Y finalmente, la curiosidad y el ego, marchando de la mano, condujeron mis timoratos pasos hacia las instalaciones del hospital Dr. Teófilo Hernández y desde afuera, a pesar de las remodelaciones que experimenta dicho centro en la actualidad, pude ubicar, con relativa precisión, el pabellón en que estuvo recluída mi madre, luego del delicado parto en que, con la ayuda de Dios, me brindó el privilegio de la vida.
Ella se constituyó en el hilo conductor que me ha permitido reconstruir -y recuperar-, con honda satisfacción, esta parte de mi vida. La Otra parte de mi existencia está enclavada, con poderosas raíces y por vía paterna, en las tierras ardientes, exuberantes y seductoras de la Provincia Dajabón, en la Línea Noroeste y la frontera norte de nuestro país.

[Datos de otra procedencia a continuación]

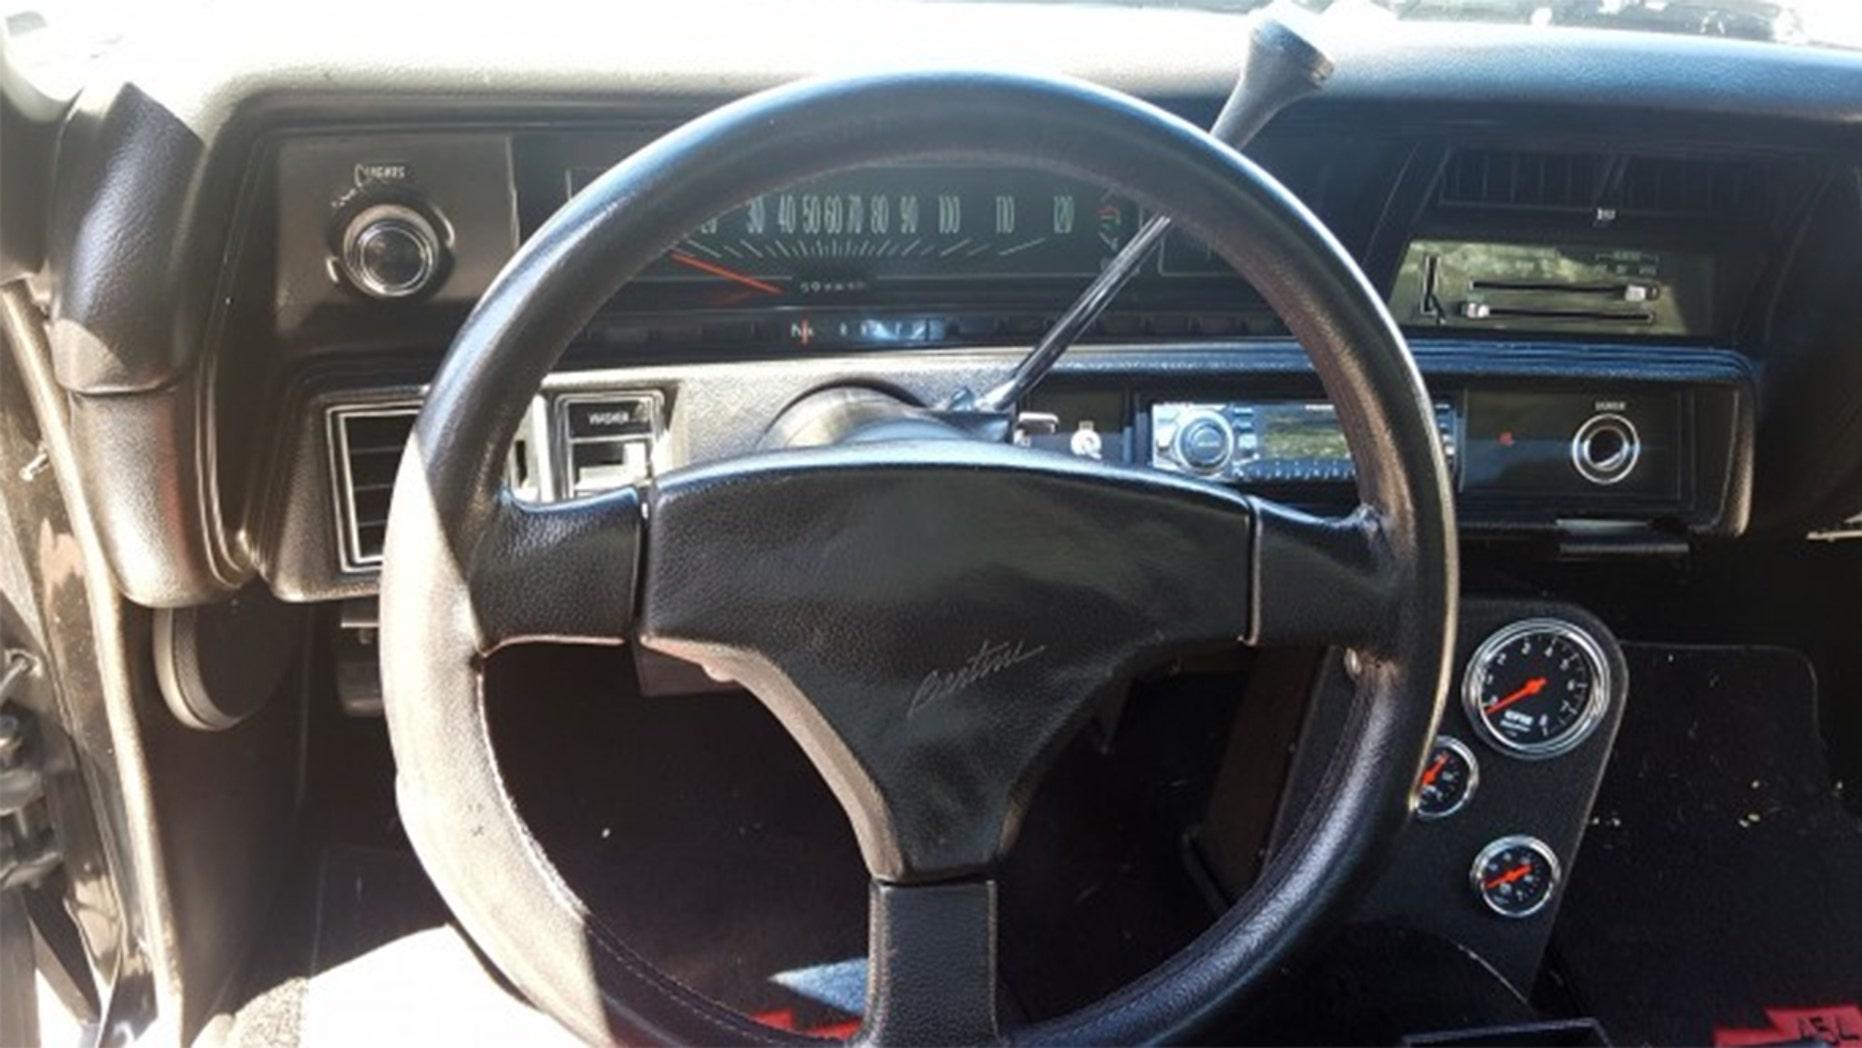 Sammy Hagar's 1970 Chevrolet El Camino interior

Por muchos años arrastré una enorme deuda de amor y gratitud hacia El Seibo, mi pueblo natal, que hoy, espero haber saldado. De igual manera, en el proceso de integración con su gente y sus costumbres aspiro desarrollar nuevas experiencias que se constituyan en el motor generador de emociones refrescantes que pasen a integrar un nuevo baúl de nostalgias y añoranzas. Con ello podré, quizás, enmendar el desapego que había venido exhibiendo hacia las cosas del pueblo que me vio nacer.
Un amplio número de mis familiares por vía materna son oriundos de esta provincia y otras comunidades aledañas. Algunos permanecen, todavía, en El Pintado, pintoresca localidad rural en ruta hacia Higüey y La Romana en donde mi madre vivió gran parte de su infancia. En homenaje a esos descendientes que llevan estampados los apellidos Arriaga y Mariano, escribo este texto. Y de manera especial, a Cornelia, mi madre, en éste, su 88vo. cumpleaños.